To make it work, HP has the unenviable task of re-architecting the way in which most modern computers are used.
All computers work on the same basic principle and architecture. To initiate an application, the CPU copies the program from the hard drive to the faster but volatile RAM. The problem is that CPUs have continued to increase in speed whereas memory has not kept up the pace. This has caused a bottleneck in performance - which - unnoticeable on regular laptops - can be a problem when it comes to high-performance computing.
HP has long claimed its ace-in-the-hole is it's Memristor', a technology it has been promising to commercialise for the last decade.
Short for memory resistor, the Memristor is 100 atoms wide - which is around half a million times smaller than a human hair. and is able to store information using ions. Crucially, it can retain data even when power is disconnected. This makes it energy efficiency and capable of replacing Flash, DRAM and hard drives.
HP's first challenge is to commercialise the memory technology. Developing a cost effective, reliable Memristor, which has the huge storage capacity for high-performance computing (we're talking Terabits) is not going to happen overnight. This in itself is likely to swallow up another decade of research.
But it's not as simple as just creating a new piece of hardware and chucking it into existing systems.
"Developing The Machine not only means building the hardware, but we're also investing in developing the software that will support itthe data algorithms, the operating systems, the security platform and the tools required to manage millions of compute nodes from servers and datacentres to the smart sensors that will make up the internet of things," Fink acknowledged.
Despite HP CEO Meg Whitman giving Labs all the resources they need, it's going to be an uphill battle to commercialise The Machine.
Fink told BusinessWeek it could arrive as early as 2017 but this is beyond optimistic as HP has a habit of missing internal deadlines. If it can deliver anything commercial before the end of the decade, it would be miraculous.

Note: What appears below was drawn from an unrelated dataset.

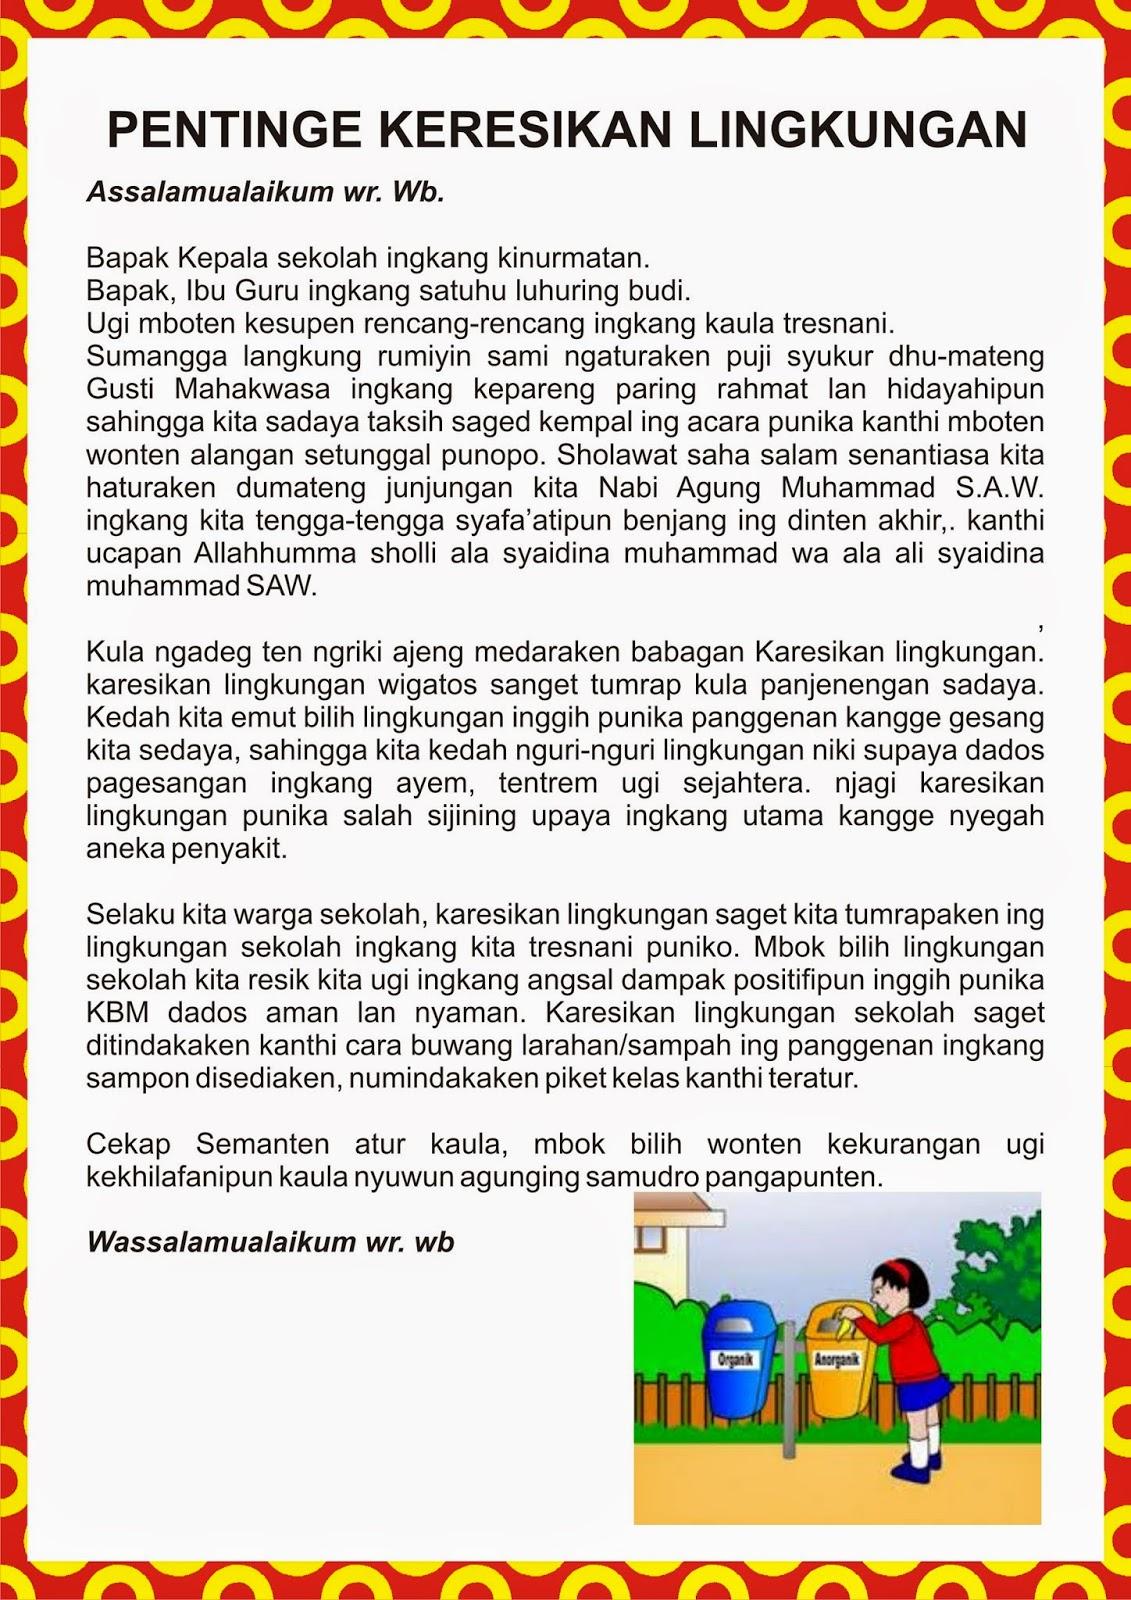 Naskah Sesorah Bahasa Jawa Tentang Kebersihan

Despite being the cornerstone of Silicon Valley, HP is visibly struggling. It lost out to Lenovo as the world's largest PC maker, has failed to make a dent in the mobile market and 50,000 jobs have fallen under the axe of Whitman since she took charge in 2011.
The belief radiating from HP Labs suggests there is mileage in this research, but this needs to be translated into a viable proposition.
HP needs The Machine to be more than vapourware. And the world will be a better place for it IF the firm can deliver.